If you're still monitoring this thread, could you take a look? Thanks.


----------



## 034Motorsport (Apr 16, 2012)

ekw said:


> Before I found this thread, I posted a question about your kit here:
> http://forums.vwvortex.com/showthread.php?5994816-Torn-lower-PCV-hose
> 
> If you're still monitoring this thread, could you take a look? Thanks.

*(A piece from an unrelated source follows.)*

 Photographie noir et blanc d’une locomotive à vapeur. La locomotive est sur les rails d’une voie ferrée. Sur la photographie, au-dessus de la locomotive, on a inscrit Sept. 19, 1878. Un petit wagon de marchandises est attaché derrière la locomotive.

YGPM, and I posted in the thread as well.


----------



## 034Motorsport (Apr 16, 2012)

Here, our Haas ST-30SSY is busy carving out one piece of the 034Motorsport VAG Billet Check Valve:










These check valves are a popular upgrade on our breather hose kits, and are machined, assembled, and tested completely in-house. :thumbup:


----------



## 034Motorsport (Apr 16, 2012)

*Backorder Update:* We're doing our best to get caught up with backorders for these kits. The current expected lead time for new orders is 2-3 weeks. All orders are shipped in the order they are received, so the sooner you place your order, the sooner your order will ship.


----------



## 034Motorsport (Apr 16, 2012)

These kits are now all back in stock, and shipping out within 1-2 days of your order being placed! 

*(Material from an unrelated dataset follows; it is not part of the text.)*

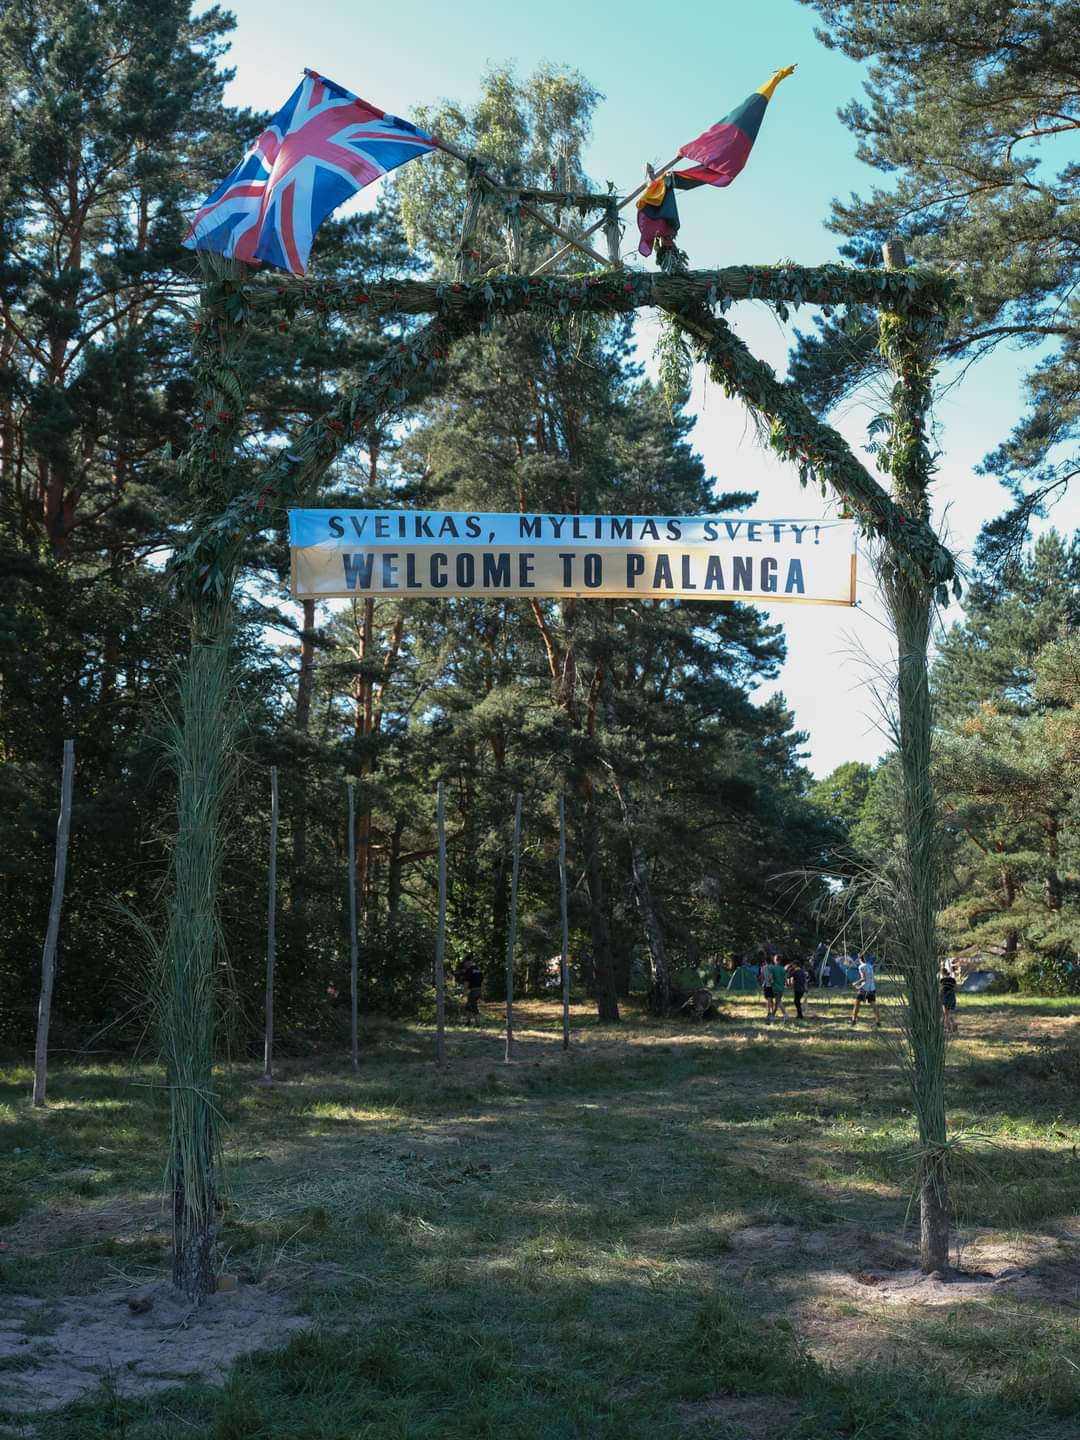 Tautinės stovyklos 1933 m. vartų rekonstrukcija | Vilnius Lifestyle nuotr.

Thanks to everyone who waited patiently for their 034Motorsport Breather Hose Kit to ship. :thumbup:


----------



## CabrioFanboy (Mar 25, 2013)

i just ordered my breather kit last week for my mk4 Jetta AWD engine code. looking at my breather system i cant quite figure out where the small hose in the kit goes in relation to the pcv valve and the suction valve that tracks up to the brake booster vacuum line. Do you have any installed photos for this application or a diagram? thanks for your assistance.


----------



## 034Motorsport (Apr 16, 2012)

Thank you for the orders! 



CabrioFanboy said:


> i just ordered my breather kit last week for my mk4 Jetta AWD engine code. looking at my breather system i cant quite figure out where the small hose in the kit goes in relation to the pcv valve and the suction valve that tracks up to the brake booster vacuum line. Do you have any installed photos for this application or a diagram? thanks for your assistance.

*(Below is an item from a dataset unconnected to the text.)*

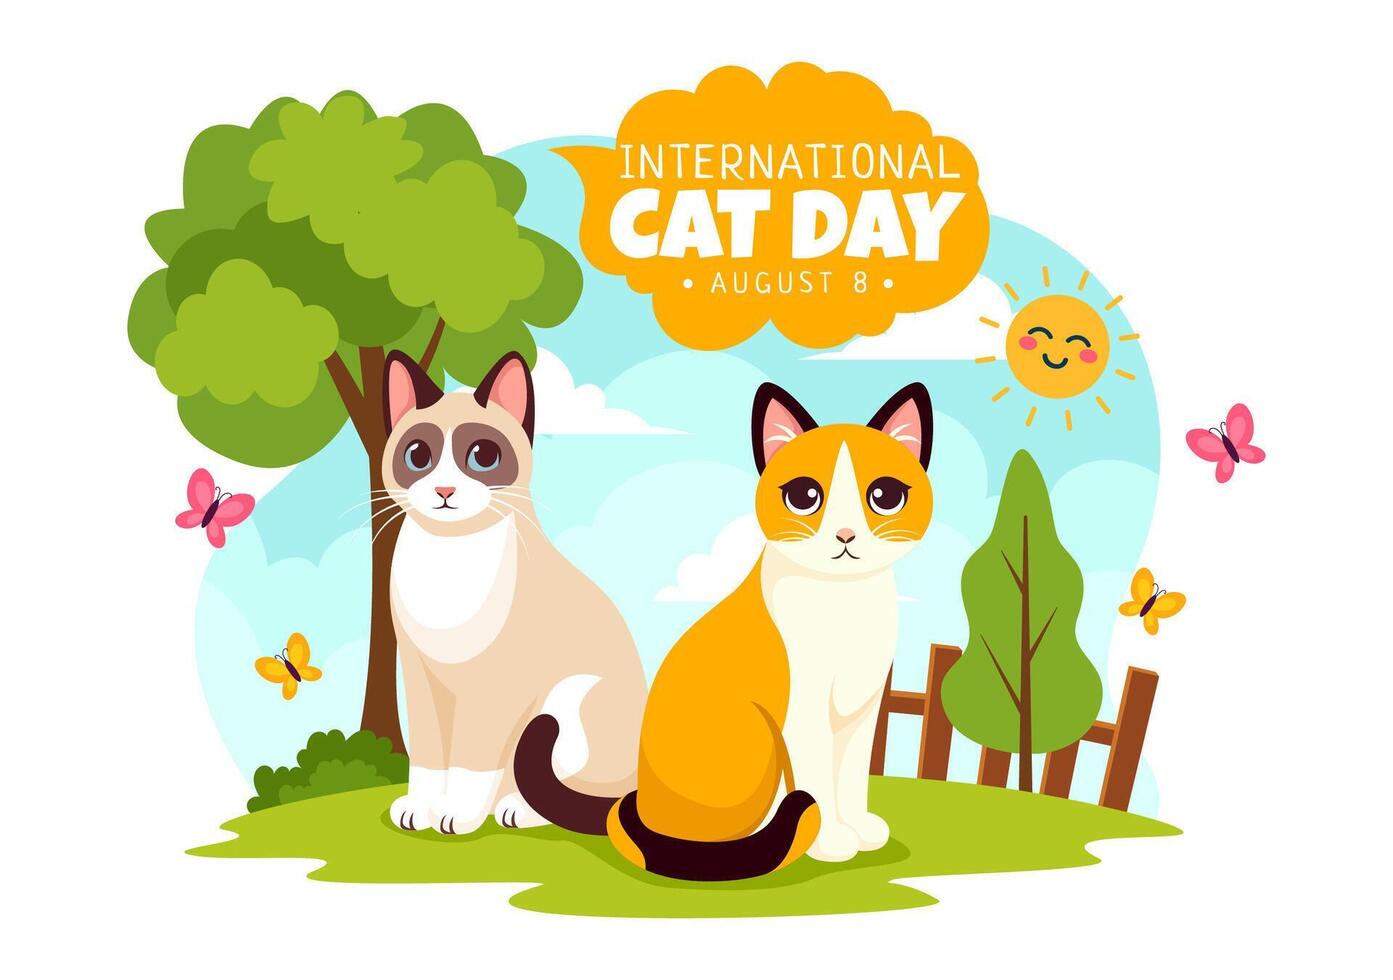 internationell katt dag illustration på augusti 8 med katter djur kärlek firande i platt tecknad serie bakgrund design vektor

For the AWD/ATC kit, the small hose goes from the check valve to the suction pump assembly or IM, replacing the original hose on the factory check valve.


----------



## teknikALLEN (Jul 14, 2010)

*This kit available complete with the catch can and recirculation?*

Is this kit available for the AWW engine complete with the catch can, drain hardware and recirculation tube??


----------



## 034Motorsport (Apr 16, 2012)

teknikALLEN said:


> Is this kit available for the AWW engine complete with the catch can, drain hardware and recirculation tube??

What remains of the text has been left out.